C’est tout pour les nouveautés concernant la médecine de ville, où les CPTS auront logiquement pour tâche de servir d’interface vis-à-vis des urgences. À noter, l’instauration du tiers-payant pour les gardes libérales sur la partie assurance maladie obligatoire, annoncée lundi dernier. (La ministre garde espoir de trouver un accord avec les médecins libéraux pour étendre le tiers-payant à la part complémentaire.) Autres annonces en date de la semaine dernière : les urgences seront désormais en mesure d’avoir recours au transport sanitaire vers les structures de ville, et la biologie délocalisée fera son apparition dans les cabinets et les maisons de santé.

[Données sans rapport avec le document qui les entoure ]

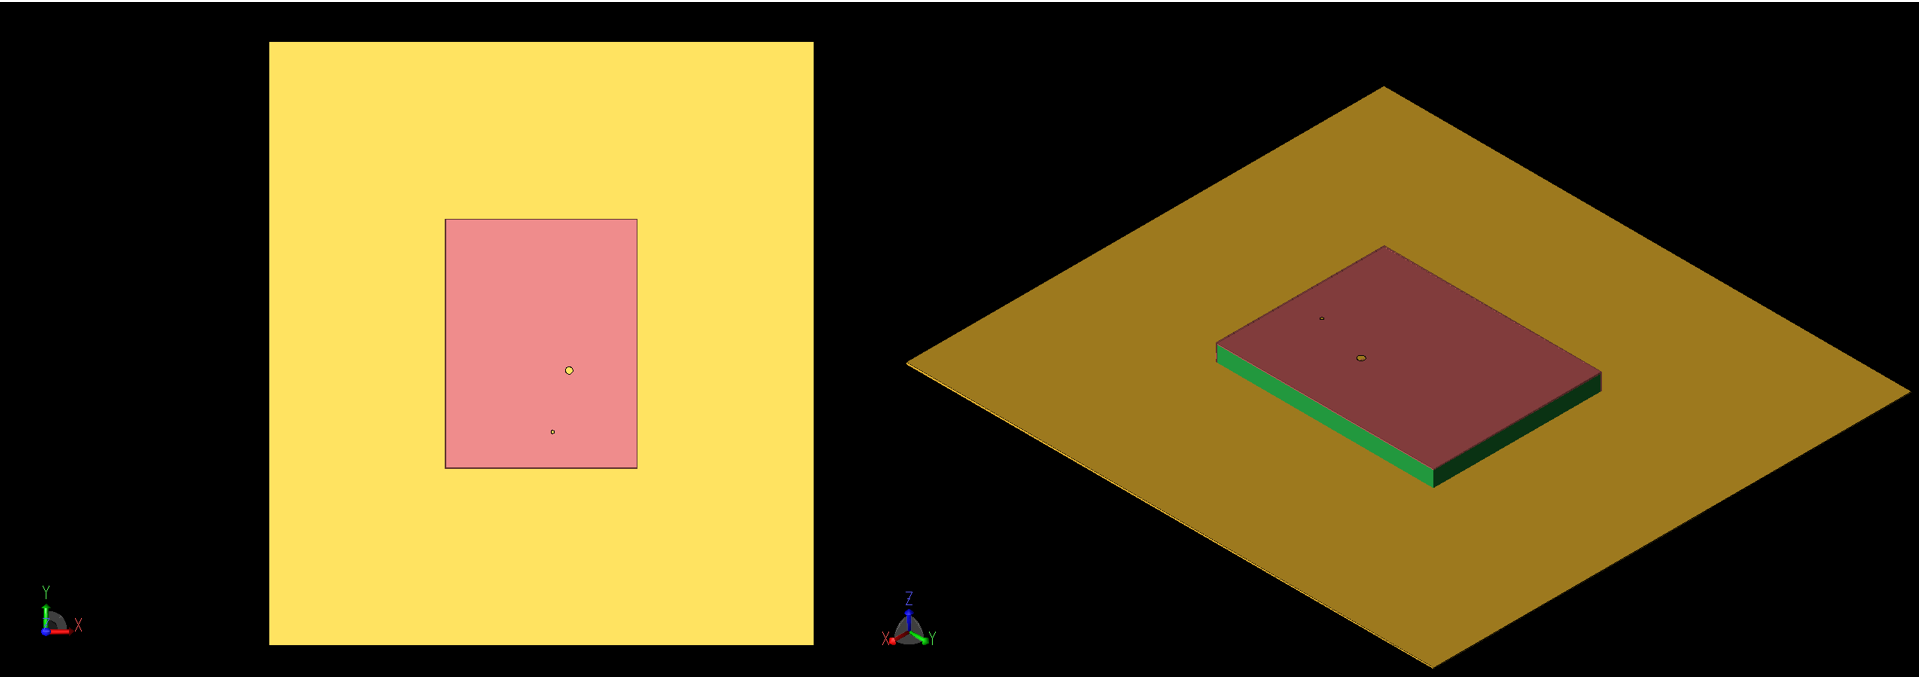 图 1：贴片天线几何形状的俯视图（左图 1a）和斜视图（右图 1b）。同轴馈线和通孔在贴片顶部以大小圆圈的形式显示。贴片的 -X 和 -Y 侧与地平面短接。

"Zéro passage" aux urgences pour les personnes âgées En matière d’organisation des urgences, un des points les plus ambitieux consiste à organiser une admission directe des personnes âgées dans les services, depuis leur domicile ou les Ehpad. D’ici cinq ans, l’objectif est qu’aucune personne âgée de plus de 75 ans ne passe par les urgences, où elles sont bien plus à risque d’événement indésirable. C’est la seconde mesure la plus coûteuse du lot : 175 millions d’euros sont prévus pour aider les hôpitaux à organiser cette filière, qui sera confiée à la charge d’une équipe hospitalière. Des équipes mobiles de gériatrie seront également mises en place pour appuyer les Ehpad et les professionnels libéraux. Du pré-hospitalier paramédical C’est une des mesures destinées à gagner du temps médical d’urgentiste : aux côté des Smur médicalisés sera créée une "offre de transport paramédicalisée". Rien d’autre n’a filtré sur cette petite révolution au sein des transports d’urgence. Des nouveaux métiers au cœur des urgences Des protocoles de coopération seront mis en œuvre afin d’autoriser les infirmiers des urgences à pratiquer des actes techniques : suture de plaies, demande de radiologie anticipée, et techniques d’immobilisation (gypsothérapie). Plusieurs autres protocoles sont prévus d’ici 2019, pour permettre l’orientation des patients vers la ville ou la demande de biologie anticipée. La participation à un protocole donnera lieu au versement d’une prime de 80 euros net par mois. L’annonce avait déjà été faite à Poitiers : l’avenue Duquesne entend par ailleurs créer une filière d’IPA "urgences", afin de faire gagner du temps médical aux urgences. Les missions et compétences de ces nouvelles IPA recoupent les protocoles de coopération susmentionnés, mais celles-ci devraient aussi être en mesure de poser des diagnostics infirmiers sur la base d’arbres de décision définis au préalable avec l’équipe médicale.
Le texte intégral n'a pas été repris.